▽

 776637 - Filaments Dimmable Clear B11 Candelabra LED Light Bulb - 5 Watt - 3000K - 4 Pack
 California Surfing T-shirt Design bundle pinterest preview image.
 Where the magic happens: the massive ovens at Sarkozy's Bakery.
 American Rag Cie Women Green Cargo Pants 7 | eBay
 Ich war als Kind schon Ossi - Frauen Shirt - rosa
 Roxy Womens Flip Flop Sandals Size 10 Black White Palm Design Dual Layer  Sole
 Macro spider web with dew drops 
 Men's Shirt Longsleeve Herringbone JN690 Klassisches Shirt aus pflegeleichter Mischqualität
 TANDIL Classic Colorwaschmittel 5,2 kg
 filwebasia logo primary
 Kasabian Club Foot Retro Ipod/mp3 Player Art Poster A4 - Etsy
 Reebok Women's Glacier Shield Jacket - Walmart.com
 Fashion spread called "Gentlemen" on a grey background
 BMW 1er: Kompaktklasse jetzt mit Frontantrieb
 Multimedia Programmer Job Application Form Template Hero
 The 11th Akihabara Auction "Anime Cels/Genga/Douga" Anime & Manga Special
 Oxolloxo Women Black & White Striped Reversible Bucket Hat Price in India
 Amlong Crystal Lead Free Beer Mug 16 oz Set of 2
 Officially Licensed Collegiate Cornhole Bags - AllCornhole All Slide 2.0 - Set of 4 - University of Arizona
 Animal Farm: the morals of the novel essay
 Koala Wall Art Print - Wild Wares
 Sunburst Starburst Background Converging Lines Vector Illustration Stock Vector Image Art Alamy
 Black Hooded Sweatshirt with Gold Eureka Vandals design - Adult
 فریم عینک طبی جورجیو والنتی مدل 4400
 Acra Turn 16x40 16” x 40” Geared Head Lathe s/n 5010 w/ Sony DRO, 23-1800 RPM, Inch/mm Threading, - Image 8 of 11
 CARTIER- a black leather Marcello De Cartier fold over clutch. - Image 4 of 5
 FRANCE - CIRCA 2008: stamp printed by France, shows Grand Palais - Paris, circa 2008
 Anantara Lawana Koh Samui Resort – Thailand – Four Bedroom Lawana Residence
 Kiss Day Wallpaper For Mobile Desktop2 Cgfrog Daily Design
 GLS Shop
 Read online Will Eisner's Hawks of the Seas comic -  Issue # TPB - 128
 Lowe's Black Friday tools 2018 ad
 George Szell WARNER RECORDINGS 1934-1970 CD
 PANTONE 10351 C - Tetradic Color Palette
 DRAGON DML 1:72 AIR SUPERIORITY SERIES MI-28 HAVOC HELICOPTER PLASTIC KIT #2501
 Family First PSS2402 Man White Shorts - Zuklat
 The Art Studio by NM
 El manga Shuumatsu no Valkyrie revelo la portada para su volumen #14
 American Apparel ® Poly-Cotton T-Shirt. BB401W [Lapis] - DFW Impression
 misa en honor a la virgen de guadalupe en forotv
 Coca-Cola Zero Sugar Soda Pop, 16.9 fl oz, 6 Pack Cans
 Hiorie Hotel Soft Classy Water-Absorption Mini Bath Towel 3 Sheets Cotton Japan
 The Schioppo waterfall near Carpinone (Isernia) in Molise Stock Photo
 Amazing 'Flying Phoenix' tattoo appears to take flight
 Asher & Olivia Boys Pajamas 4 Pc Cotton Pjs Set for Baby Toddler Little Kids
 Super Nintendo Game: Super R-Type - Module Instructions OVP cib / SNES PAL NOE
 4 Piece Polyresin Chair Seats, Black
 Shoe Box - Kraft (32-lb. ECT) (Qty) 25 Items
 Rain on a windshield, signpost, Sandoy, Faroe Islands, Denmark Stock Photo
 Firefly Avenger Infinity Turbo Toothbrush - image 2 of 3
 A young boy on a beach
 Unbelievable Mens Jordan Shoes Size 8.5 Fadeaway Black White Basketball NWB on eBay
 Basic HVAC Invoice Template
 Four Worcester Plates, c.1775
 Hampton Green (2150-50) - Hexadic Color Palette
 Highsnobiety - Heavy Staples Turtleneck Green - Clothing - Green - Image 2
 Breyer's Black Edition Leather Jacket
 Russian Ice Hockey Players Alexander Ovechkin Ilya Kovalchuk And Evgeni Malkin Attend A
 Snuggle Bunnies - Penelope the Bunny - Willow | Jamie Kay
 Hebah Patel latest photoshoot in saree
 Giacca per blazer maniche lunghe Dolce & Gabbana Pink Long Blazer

△

**YOUR TASK**
Return, from the data, each line where the string "Cotton" occurs.

**WRITTEN RESPONSE**
 American Apparel ® Poly-Cotton T-Shirt. BB401W [Lapis] - DFW Impression
 Hiorie Hotel Soft Classy Water-Absorption Mini Bath Towel 3 Sheets Cotton Japan
 Asher & Olivia Boys Pajamas 4 Pc Cotton Pjs Set for Baby Toddler Little Kids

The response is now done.